Mexico’s government is preparing a complex formula to identify dominant phone and media companies, aiming to keep industry giants from manipulating numbers to avoid regulation, said a person with knowledge of the plan.
The nation’s new telecommunications regulator won’t determine the biggest companies in an industry just based on their subscribers or viewers, said the person, who asked not to be identified because the details aren’t public. Rather, the calculation will include a range of measurements, including investments and infrastructure.
Under a law passed last year, companies that have been found dominant in Mexico face tougher scrutiny and enforcement measures, including regulation of the prices they charge and even the forced sale of assets. The government’s rules are most likely to affect America Movil SAB (AMXL) and Grupo Televisa SAB (TLEVICPO), which were already identified as dominant companies in a preliminary finding in December.
After watching companies circumvent regulation in the past through technicalities and loopholes, the government is determined to make sure a dominance ruling is airtight by not depending on a single measurement, which would be easier for businesses to dispute, the person said.
America Movil, controlled by billionaire Carlos Slim, is has about 70 percent of Mexico’s mobile-phone customers and almost 80 percent of its landlines. A press official for the Mexico City-based company had no immediate comment on the dominance formula.
‘Just Beginning’
Televisa, which gets about 70 percent of Mexico’s broadcast-television audience, said last month that it was in the process of analyzing and answering the regulator’s documents.
The broadcaster trusts that regulators will follow the law and doesn’t find it appropriate to speculate about a process that’s just beginning and several weeks away from resolution, said an official at the Mexico City-based company.
America Movil and Televisa have an opportunity to challenge the Federal Telecommunications Institute’s preliminary finding of dominance, which by law must be made final by March 9. Congress is working on secondary laws, or supplemental rules, for last year’s telecommunications legislation.
A press official for the telecommunications institute declined to comment because the process for the dominance rulings is still under way.
America Movil and Televisa have been drawn into competition against each other as the phone and media industries collide.

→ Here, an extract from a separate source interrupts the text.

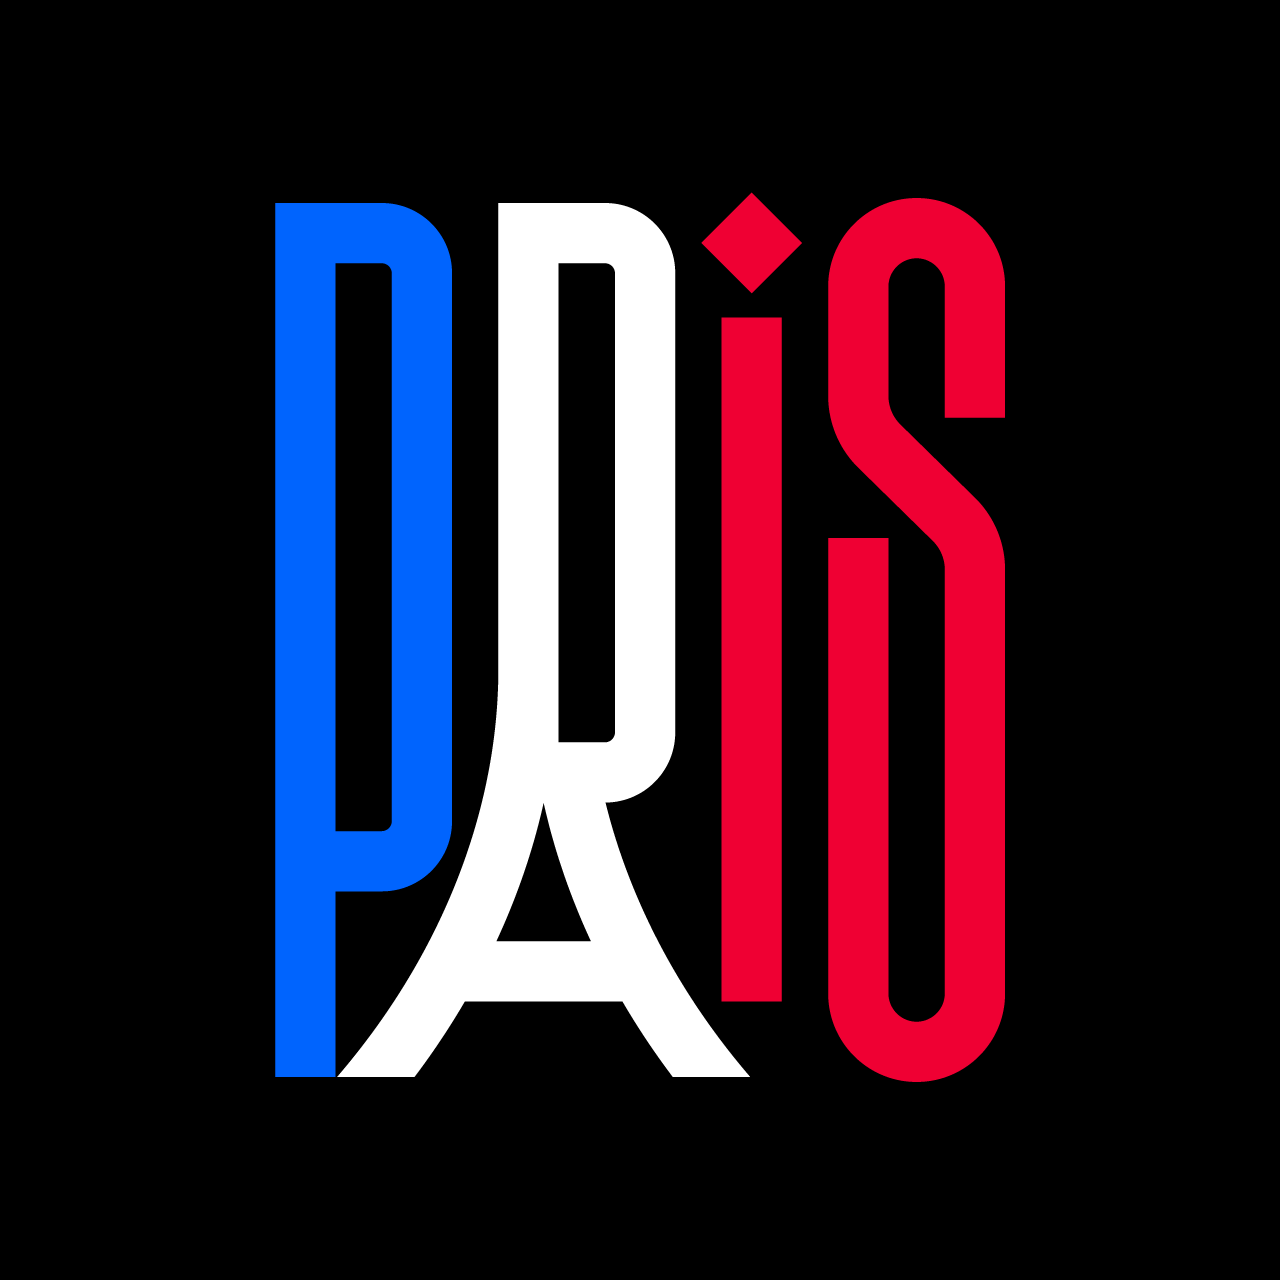 paris-2

Televisa owns cable companies that compete for Internet and voice customers with America Movil. The rivalry has led to regulatory complaints by each side of unfair practices.
Telmex Spinoff
America Movil’s landline unit, known as Telmex, denied a report last week by El Financiero that the carrier had designed a mechanism to avoid regulation by assigning its network assets to a spinoff real-estate holding company.
The newspaper report focused on a lawsuit by a unit of Televisa. A company official told Bloomberg News that the division, Bestphone, is a creditor of Telmex and obtained a court order Jan. 7 to suspend the plans of Slim’s company to spin off the units.
Telmex said its spinoff only included real-estate and equipment-logistics businesses, not telecommunications. It said Bestphone isn’t a Telmex creditor.